Agents use regulation to react purposefully to the disturbances that are part of the system. If the agent uses R to act like this, then there is a quantitative relation between the variety of D (the disturbance), the variety of R, and the smallest variety that can be achieved in the set of actual outcomes [30]. The constraint that holds between these varieties is general and is called the law of Requisite Variety. Requisite Variety’s law states that variety in the range of possible actions to choose from must be as rich as the range of potential disturbances or situations [31]. By means of the expression of the variety in logarithmic form we obtain:

$$V_R\ge V_D-V_A,$$

(1)

where A is the set of actions available to the agent and $V_A$ is the logarithm of the number of regulation actions that she/he/it can perform; $V_D$ is similarly related to the number of disturbances that enter the system, and $V_R$ is the variety of the outcomes of the regulator system. In Figure 6, it is provided a general scheme of the cybernetic loop that involves an agent and the problem at hand (the HR environment), under the Law of Requisite Variety and its constraints.

This loop is valid in general, not only for the specific HR problem. Nevertheless, with this Figure, it is highlighted that the agency, both human and artificial, is in the loop of the overall regulation of the system S. The agent usually has a variety much minor than that needed by the controlled system. Thus, the regulation actions made by the agency have to be amplified with a system called G in order to match the high variety of the environment with its complexity. This is the forward direction of control. The feedback from the environment is provided through a filter F to the agent. The feedback must reduces the variety of the environment in order for the agent to have a viable ground on which she/he/it can act effectively. This is due to the inherent bounded rationality limits that every agency has to cope with. Note that in both cases the filter F and the gain G have the function of control the variety. For the filter F, the variety of the outcomes are lowered with respect to the inputs. On the contrary, the amplifier G has to produce as outcome more variety that that that is input. Both these effects can be obtained by suitable use of regulators that obey to the Law of Requisite Variety. Indeed regulators are very powerful, universal, and general systemic structures.

4. Resulting methodology

Having up to this point fine-tuned the methods available for the HR model, in what follows we propose a methodology as a result of using these initial positions and as an initial investigative methodological tool for the complexities that will need to be addressed in such contexts.

It will require to go through a new insight that uses the Law of Requisite Variety to design the right components that allow a sustainable control and stabilization of the HR phenomenon. When a state of the AE process involves the AN quadrant or the NA quadrant of the AE matrix we are in the presence of a HR. In essence, the problem is to develop a sustainable cybernetics of the HR on each of these cases and in the interaction between agents and their environment, as pictorially described by Figure 6.

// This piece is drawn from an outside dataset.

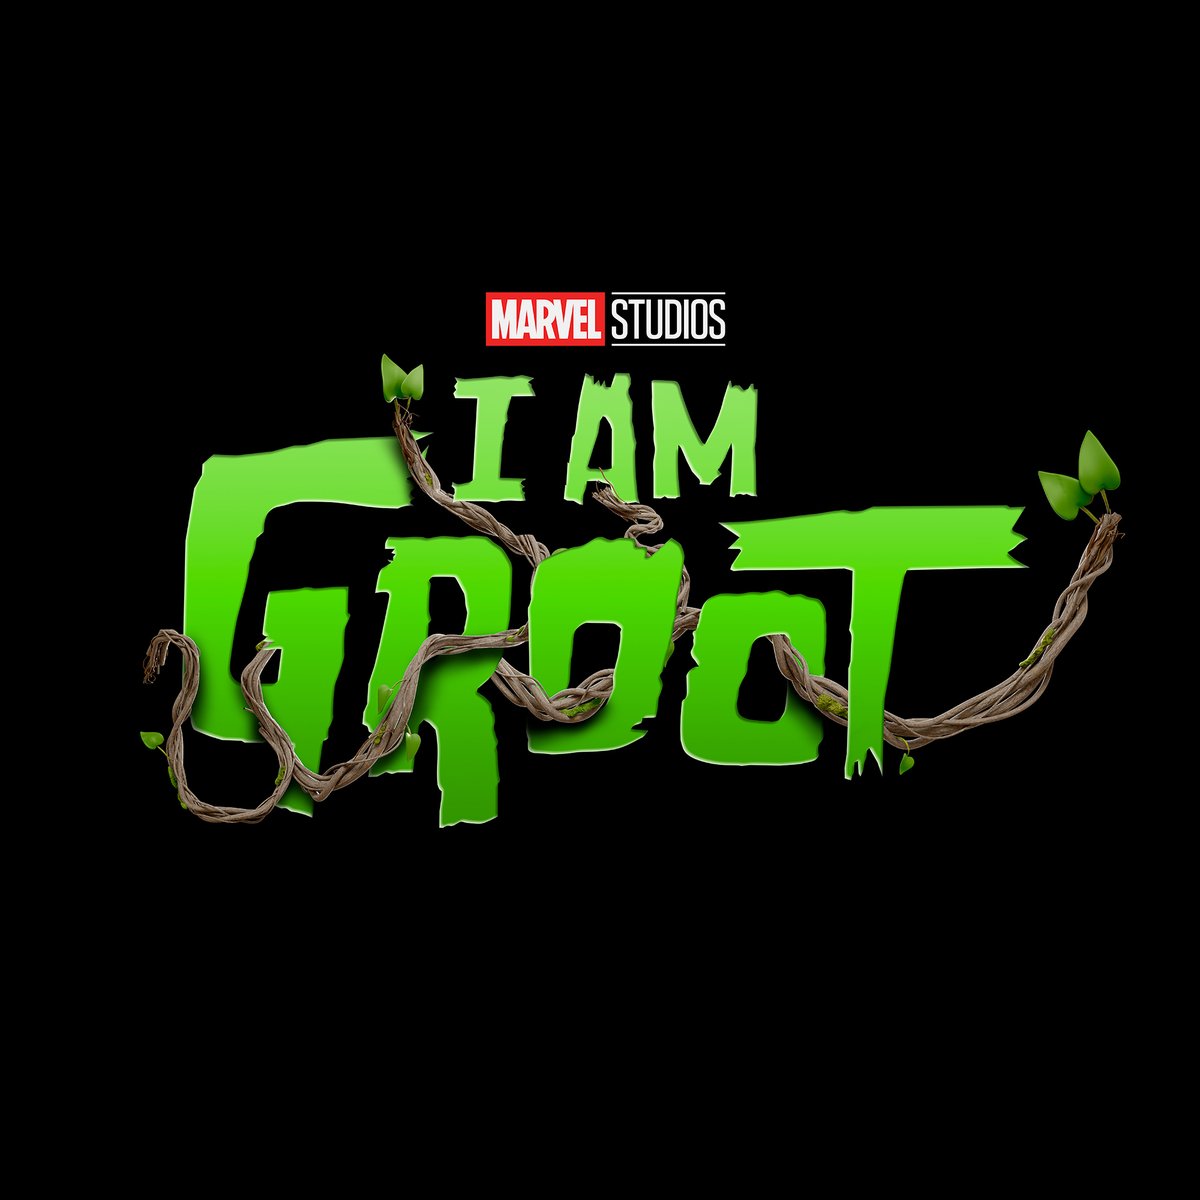 Everyone’s favorite little tree, Baby Groot, will star in a series of shorts on  @DisneyPlus featuring several new and unusual characters. I Am Groot, an Original Series from  @MarvelStudios, is coming to  #DisneyPlus.

After the focus is achieved for any of the interested states, a systematic engineering procedure has to be built to let the process of stabilization of the HR be repeatable and consistent. In this regards, the method of System Dynamics is used to achieve a dynamic model that can be used as a "flight simulator" for the engineering process involved in the construction of the overall HR stabilization control.

This systematic construction will show the relevance of the use of a set of technologies (more or less mature) available in the framework of Blockchain. It will be evident how this toolset gets a primary role in the practical development of the suitable controlled interface between humans and artefacts, as required by sustainable HR.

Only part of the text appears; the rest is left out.